The problem is inexact computer arithmetic. There is no way to code the test for nested models (which is important because users often get this wrong, although
you didn't not get it wrong, your models are correctly nested). That's what the tolerance argument is for. Crazily, the code you sent worked OK on an old 32-bit computer but not on 64-bit (which almost everything is these days). When I added the argument tolerance = .Machine$double.eps ^ 0.7 to your anova function calls, it worked on 64-bit too (see attached Rout).

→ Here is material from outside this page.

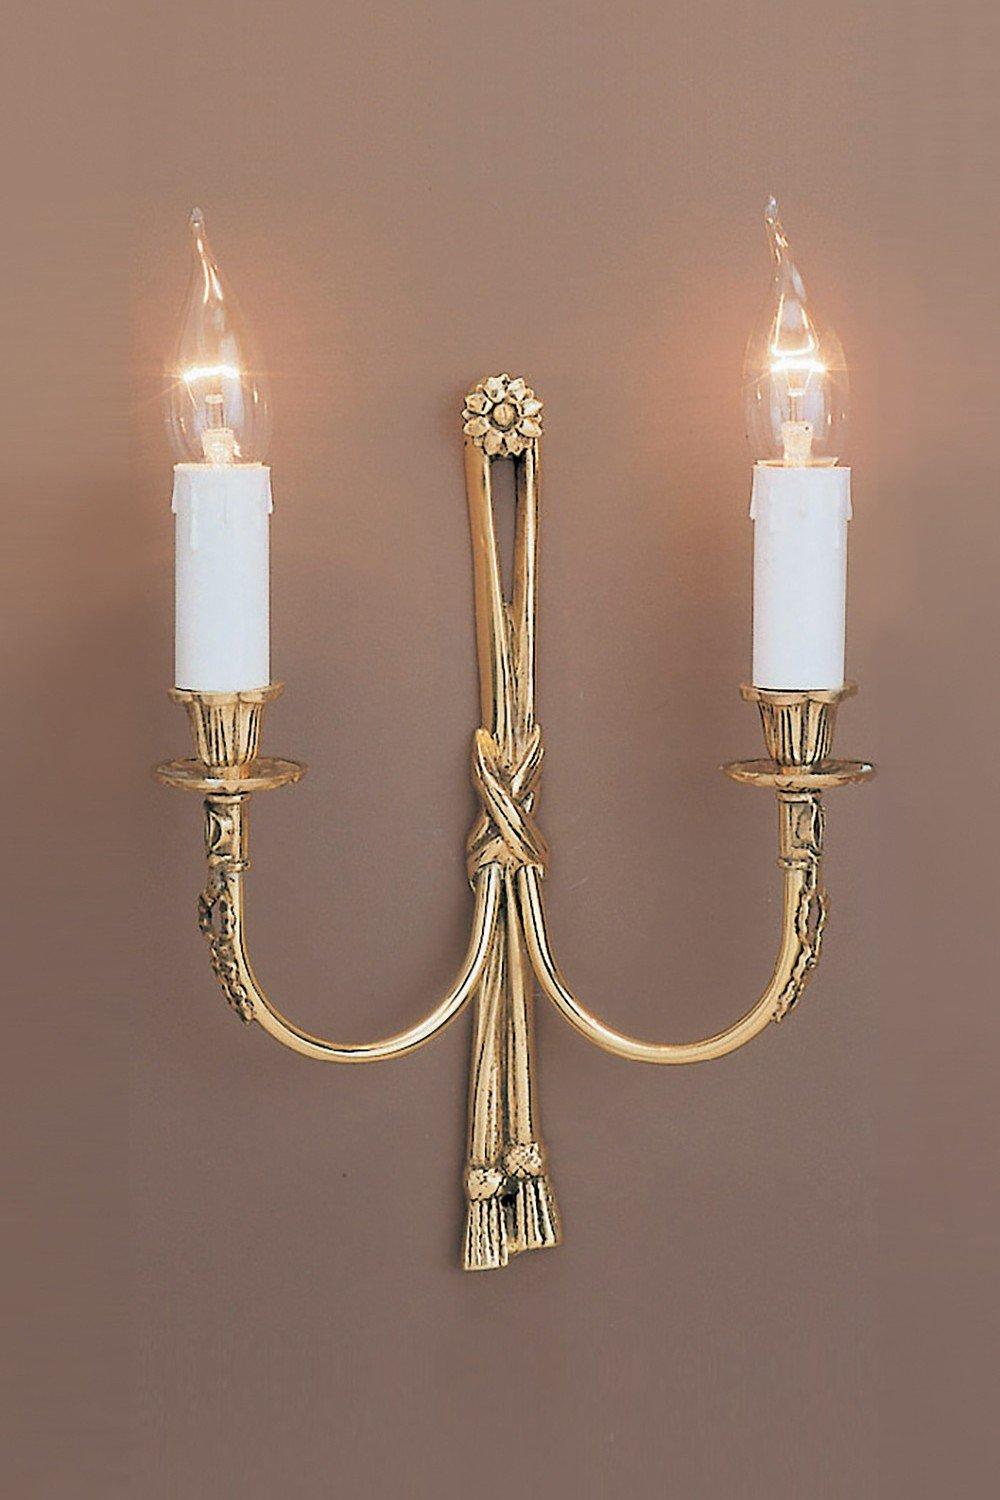 Richmond Polished Brass Candle Wall Lamp

On another subject, the family for number of seeds should be Poisson rather than zero-truncated Poisson IMHO. Zero-truncated Poisson is for when zero values are not possible by design, not for when there just do not happen to be zeros in the actual data. That is, number of fruits cannot be zero conditional on any fruits = 1, because any fruits = 1 means number fruits > 0, but there is no such restriction on number seeds and its predecessor (number fruits). It probably doesn't matter in practice, but it will be a little easier on the computer and scientifically more sensible too (again IMHO) to use Poisson for the number seeds node.